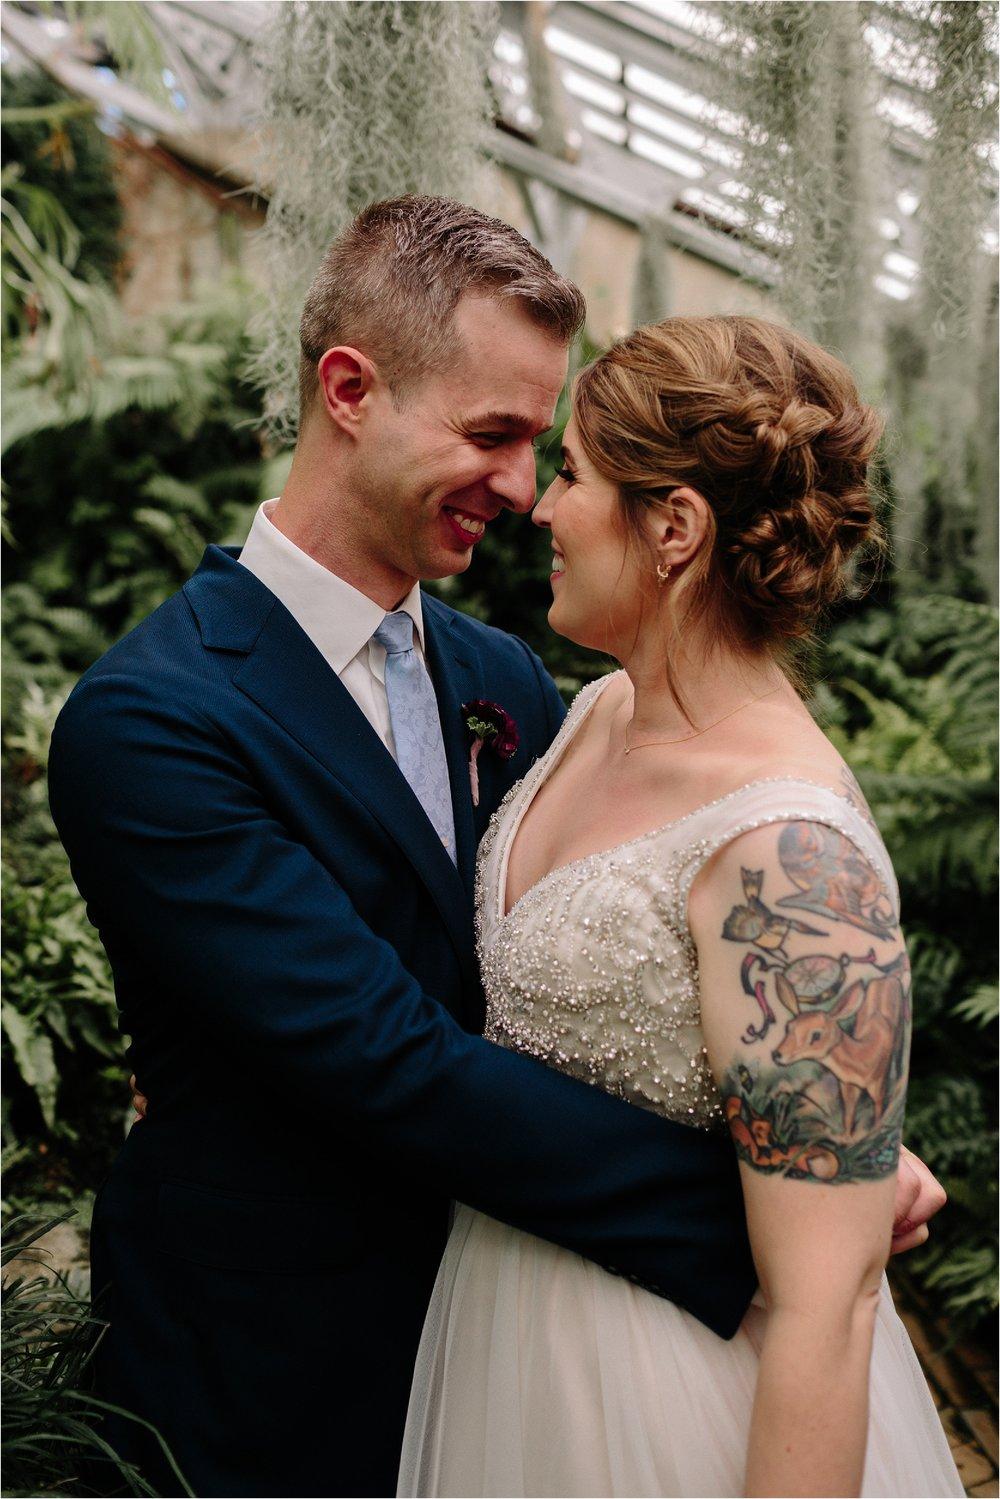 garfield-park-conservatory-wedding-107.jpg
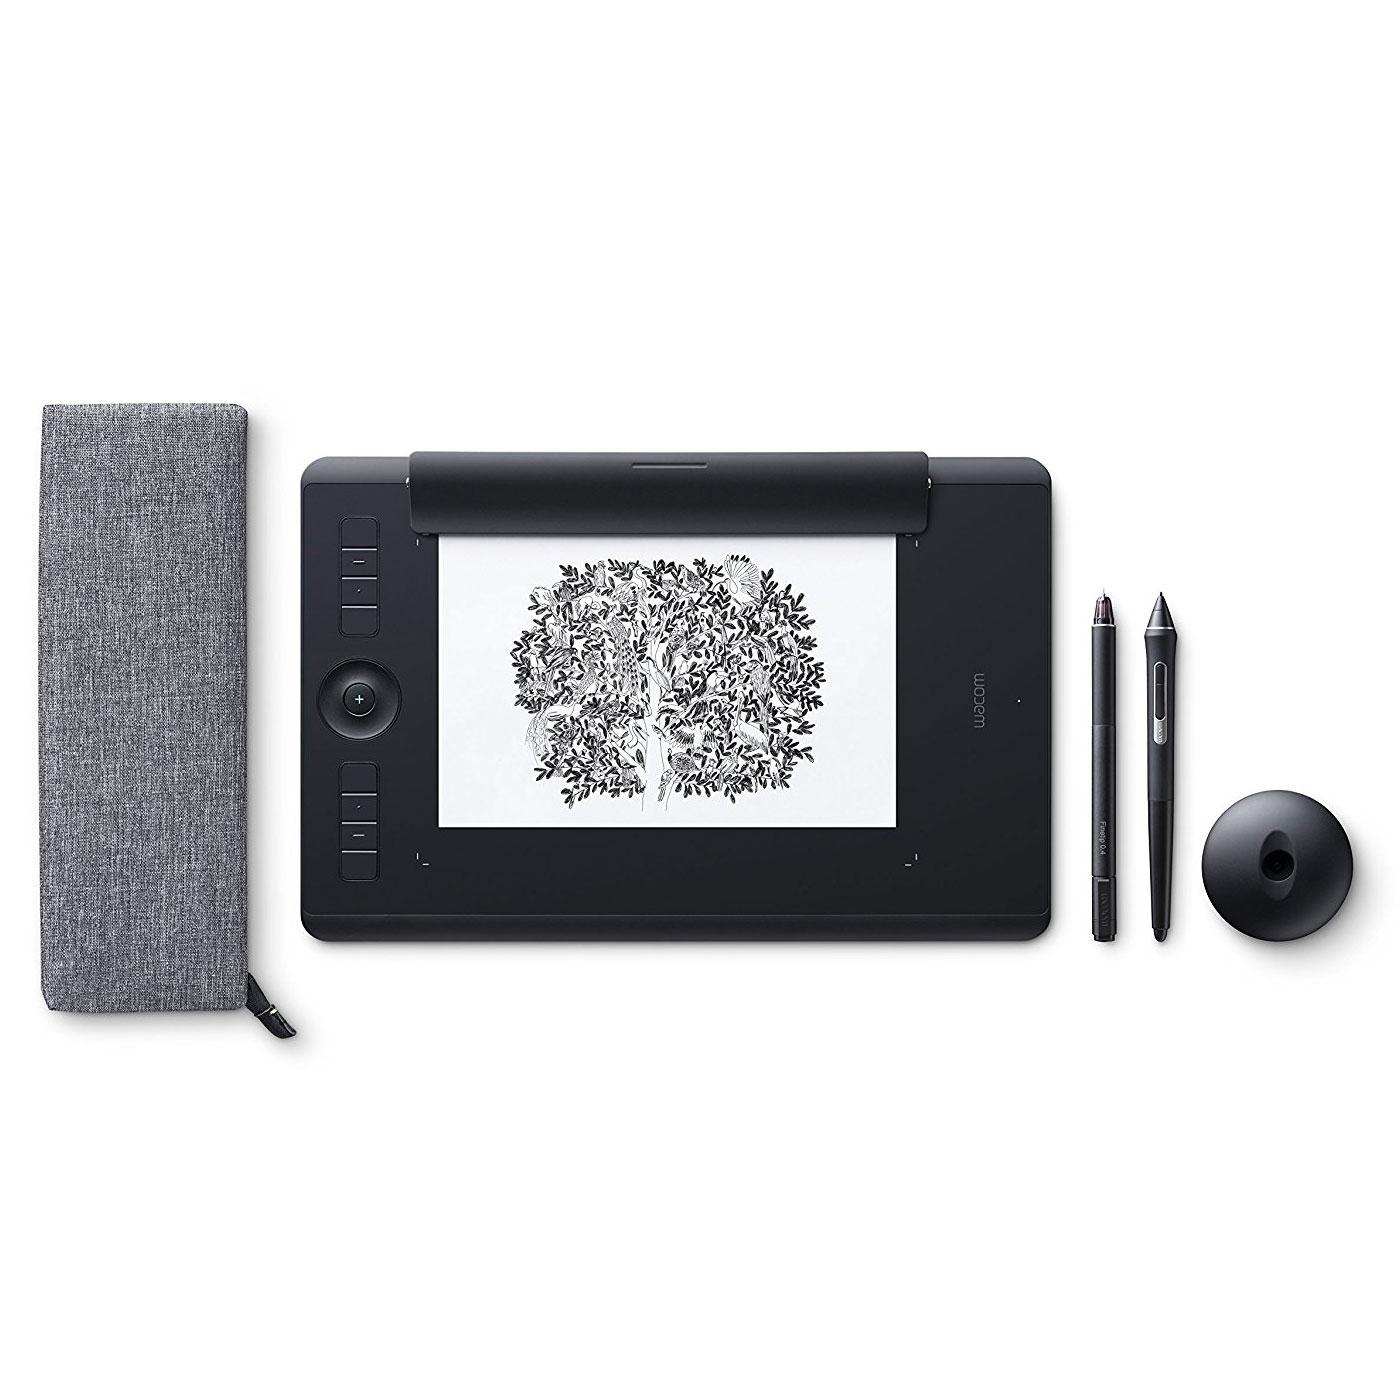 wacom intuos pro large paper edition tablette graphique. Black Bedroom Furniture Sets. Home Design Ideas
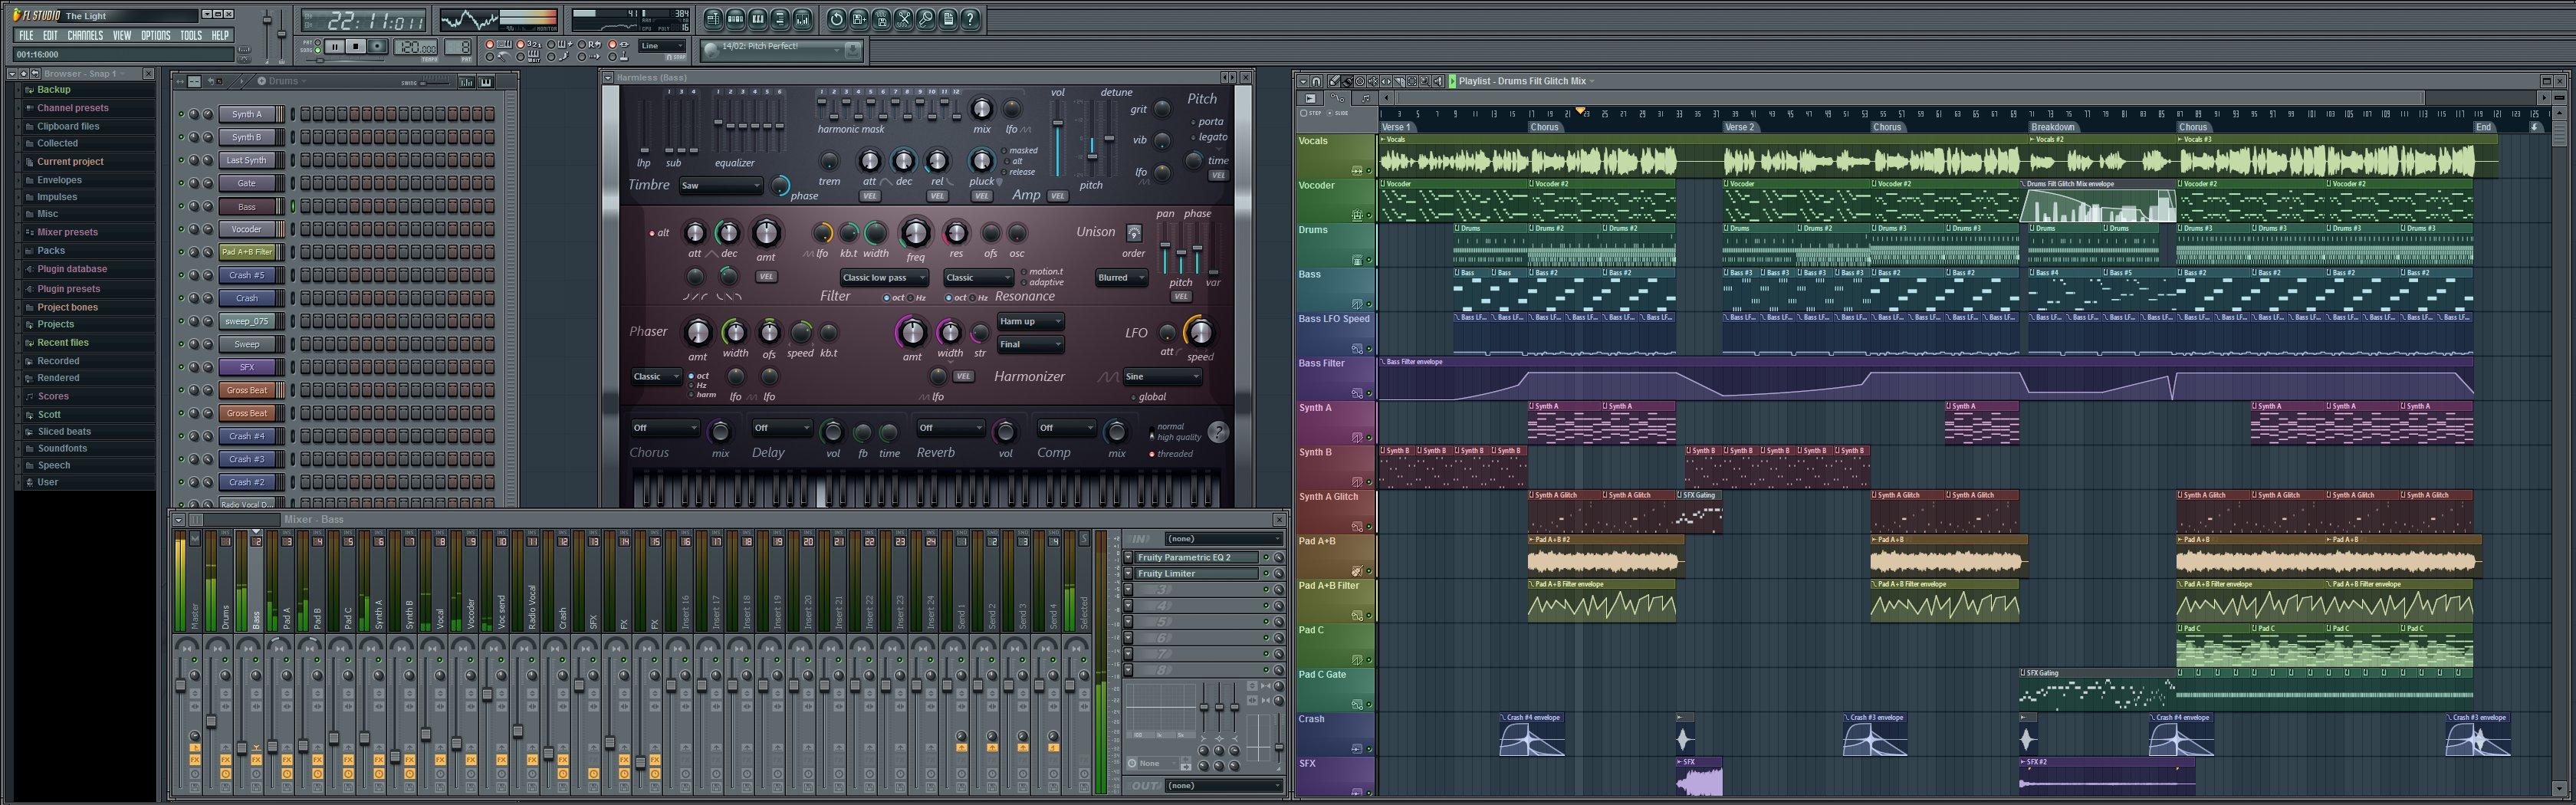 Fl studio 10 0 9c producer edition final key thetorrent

──────

→ **Required action**
Set down the material above exactly as it reads, but not its pictures.

→ **Written reply**
 garfield-park-conservatory-wedding-107.jpg
 wacom intuos pro large paper edition tablette graphique. Black Bedroom Furniture Sets. Home Design Ideas
 Fl studio 10 0 9c producer edition final key thetorrent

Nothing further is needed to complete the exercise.